I find it is not so much the type of wood but how old and dry that changes the tannin. Smaller branch types dry quicker but even really thick will dry given time. But time is where many lose out on the search. Time in nature is measured in years more often than weeks or days. I don't do tannin so I spend the effort on getting really, truly, dry wood. The downside is that dry wood will float but I can deal with that better than colored water. When you cut the end off a truly dry piece, the color will be very close to uniform from outer layer down to the center.


----------



## Raymond S. (Dec 29, 2012)

Sean W. said:


> Whats up guys,
> 
> Im going to be starting a new 110 gallon high tech tank here shortly, ive been scavenging all over the internet looking for inspiration and ideas. Ive found a lot of really awesome scapes that i really liked but a lot of the time they have wood in them somewhere, sometimes i see just regular driftwood used and other times i see really lengthy and scraggly wood used that looks more like thin branches or roots than driftwood.
> Ive used driftwood in a few of my tanks, and each time ive used it they always turn my water brown, even after i boiled them for a couple hours and soaked them for a few weeks. It seems like no matter what i do with typical driftwood it leaks tannins into my water for at least a year. I really dont like tannins, i like my water crystal clear, so in my last few tanks ive skipped wood altogether and just went with rocks for the hard scape.
> ...


Do they have creeks/streams where you live ? In arias where such exist, you can walk the beds and find places where the roots of the trees
are exposed. Often very twisted and nice looking. These seldom leach tannins as they have been "flushed" already. Get hardwood.
Never pine.
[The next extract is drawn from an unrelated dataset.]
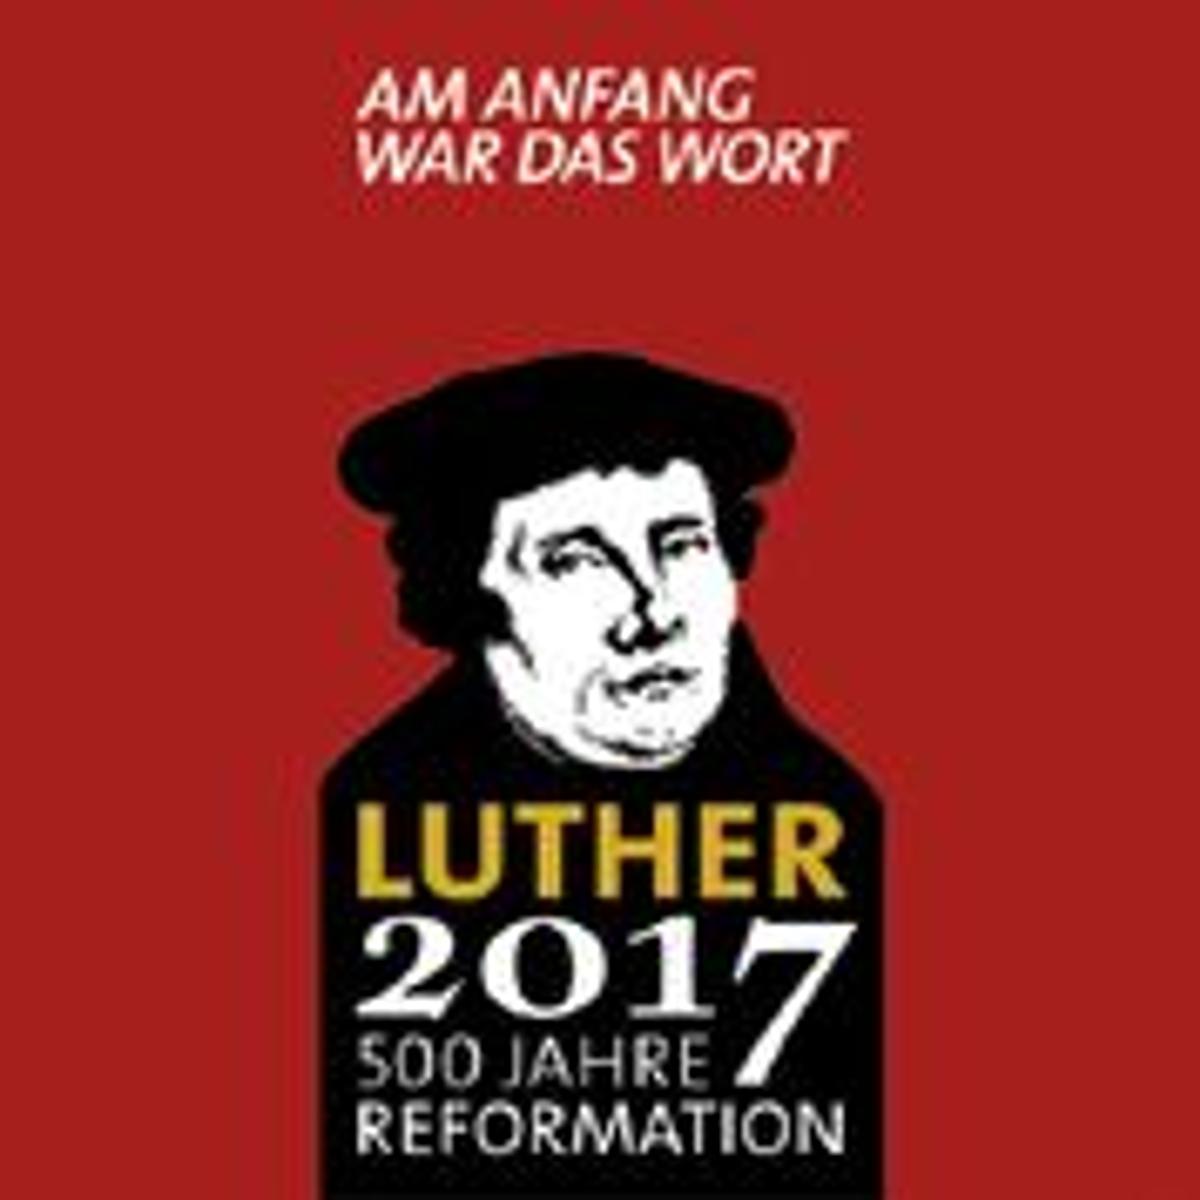 Wochenendurlaub 500 Jahre Reformation
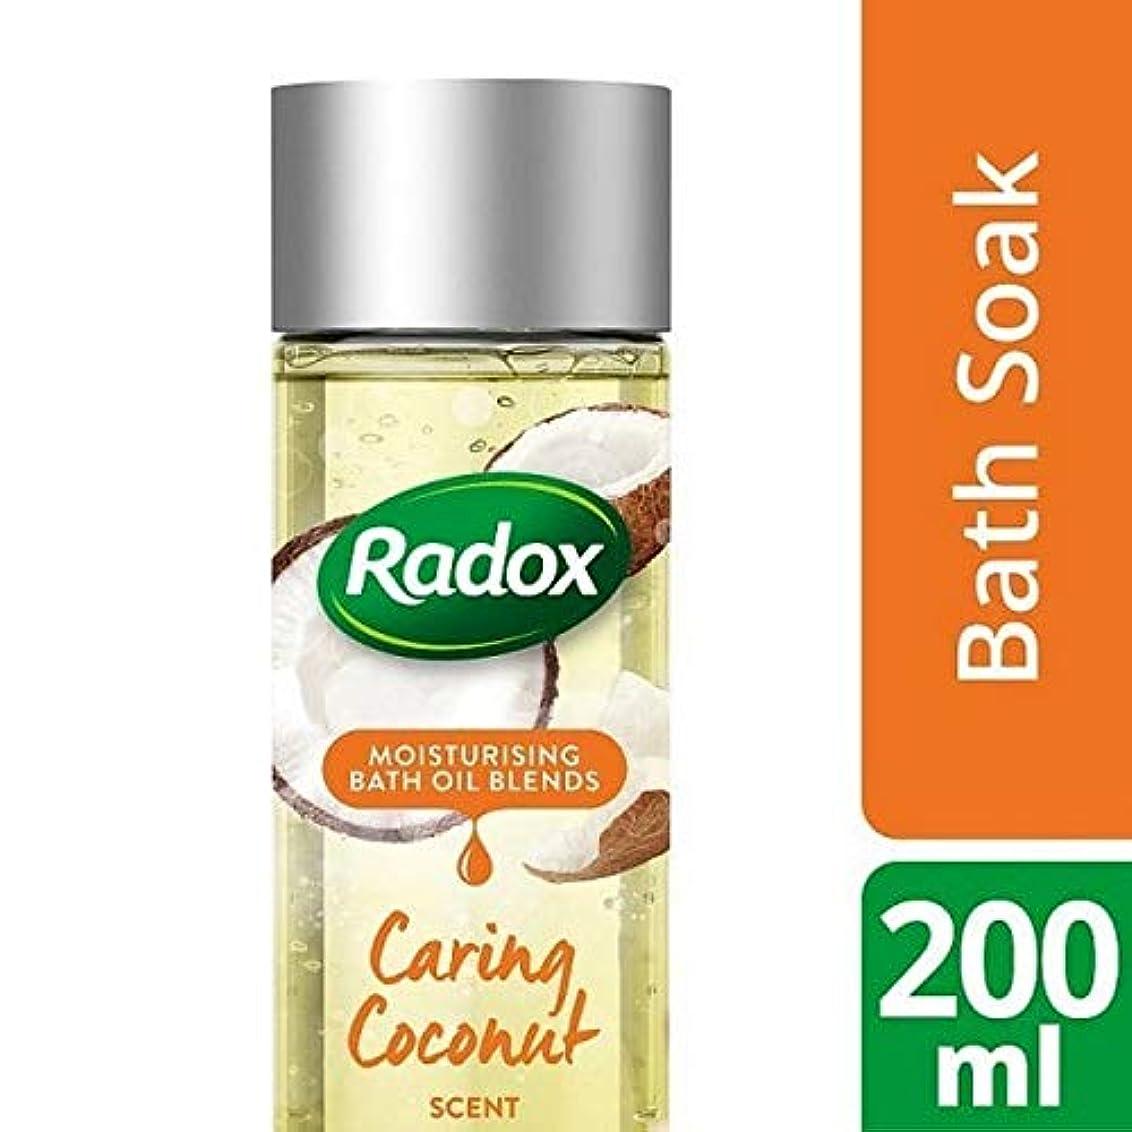 ナイロンなめらか外交問題[Radox] Radoxのバスオイル思いやりのあるココナッツの香りの200ミリリットル - Radox Bath Oil Caring Coconut Scent 200ml [並行輸入品]

Don't have any real info on the pine, but turpentine comes from it.
Most typical "aquarium driftwood" like Malaysian is broken pieces of trees exposing the sap. Tree roots are at least mostly closed in
by the bark. BTW I have bought about 7 pieces off various places mostly Malaysian and only two pieces were half way decent looking
the others being just chunks broke off of a tree. Actually one of the decent ones is that way but it just happened to look fairly
good. Gave 4 pieces to my LFS...probable $50-$60 worth. Just saying if you do buy/see it first or forget it unless your making
just a pile of it in one place intended to look like a log jam etc.


----------



## Vermino (Jun 14, 2012)

Manzanita would be your best bet on keeping the tannins at a minimum. I don't know what kind of driftwood you were using but I believe Mopani is the worst i've had with tannins. Though it only took a few boilings and soaks to get it to stop.

Remember the manzanita will break down alot quicker compared to Mopani because of the density of the woods.


----------